Сутки через двое - [7]
— Возможно, — немедленно откликнулся Аванес.
— Энциклопедия, значит, — злорадно прошипел Артем.
— И что же? — ничуть не смутился Аванес. — Пусть и энциклопедия. Нашим новоявленным почвенникам неплохо было бы почитать для начала хотя бы энциклопедии. Ведь только тогда самобытность чего-либо стоит, когда это самобытность пути к чему-либо универсальному. А вы все переворачиваете с ног на голову. Эта ваша самобытность…
— А ваша? — неожиданно перебил Георгий. Аванес замялся, чем не преминул воспользоваться Артем.
— Сколько бы вы ни приводили успевших набить оскомину цитат, — сказал он, — это не прибавляет вам убедительности. Так называемая универсальность, которую вы так настойчиво пытаетесь противопоставить самобытности, на самом деле, еще, может быть и не универсальна вовсе. Где доказательства? Почему это изобретенные совсем недавно по историческим масштабам Западной Европой принципы должны всеми безусловно приниматься как универсальные? Странная получается универсальность, которая не вбирает в себя уникальный опыт истории самых разных цивилизаций, а корежит его, отменяет, обесценивает!
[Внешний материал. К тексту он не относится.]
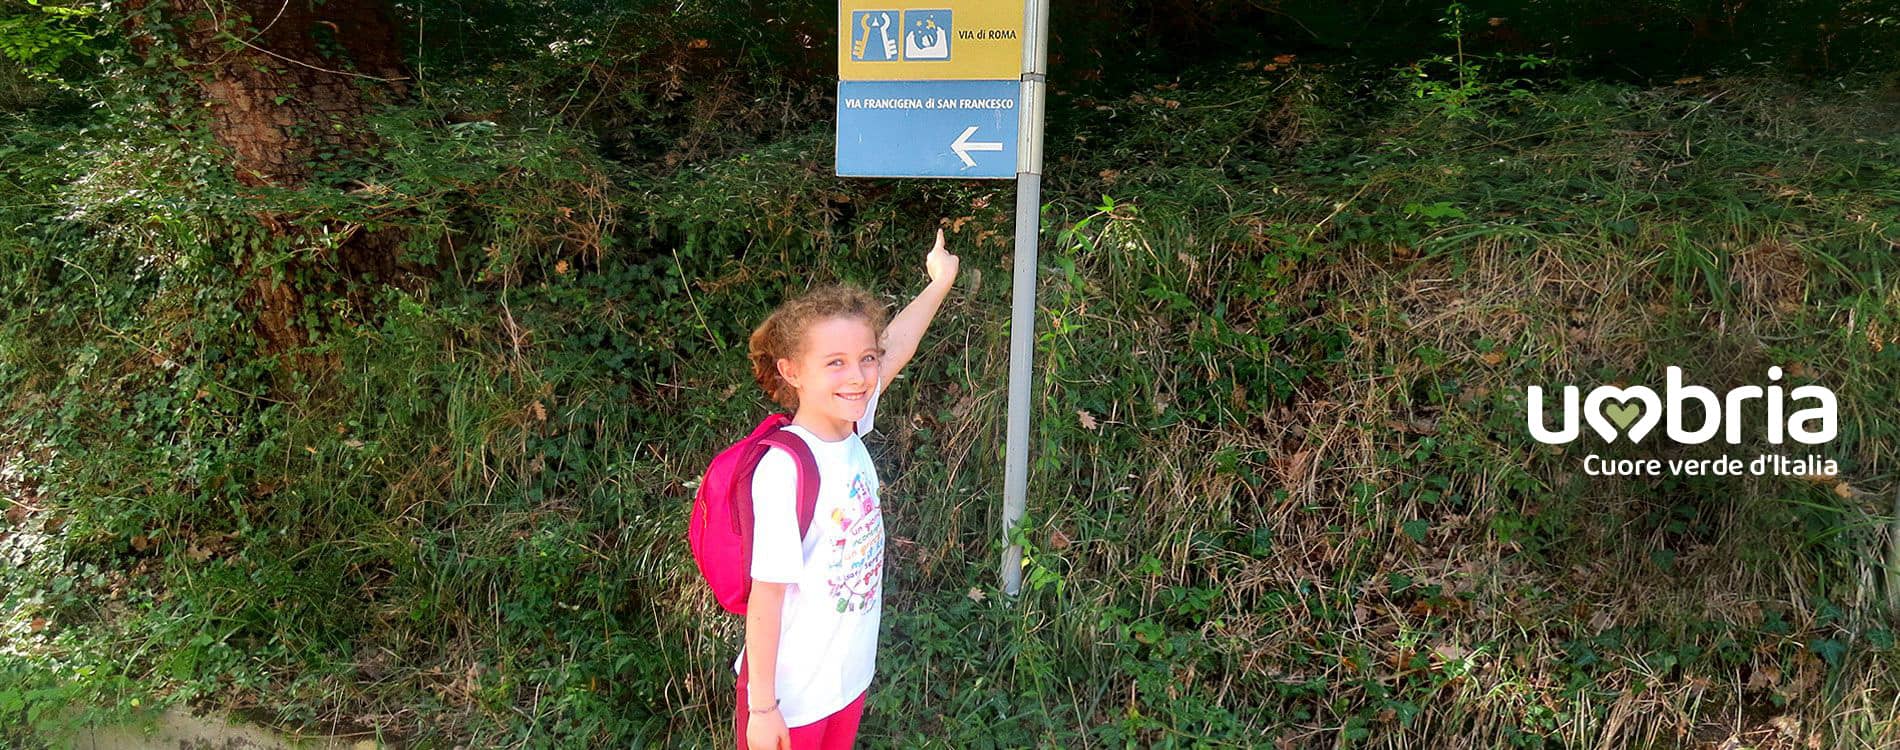 Les panneaux directionnels du Chemin de St François: signalisation jaune-bleu, Tau jaune, signalisation CAI blanc-rouge

— Господи! — воскликнул Аванес. — Это же безответственный дискурс! Ну вы сами-то послушайте, что вы такое говорите!
— А что я такого говорю?
Артем вскинул руки, по левому запястью вниз от ладони скользнул браслет изящных «Rado», обнажая небольшую по размерам свежую татуировку из четырех древних рун. Артем вскоре опустил руки на столик, и манжеты сорочки закрыли татуировку, но Георгий еще несколько секунд смотрел на его левую кисть. Не обращая на него внимания, собеседники продолжали спор, а Георгий на какое-то время утерял нить разговора.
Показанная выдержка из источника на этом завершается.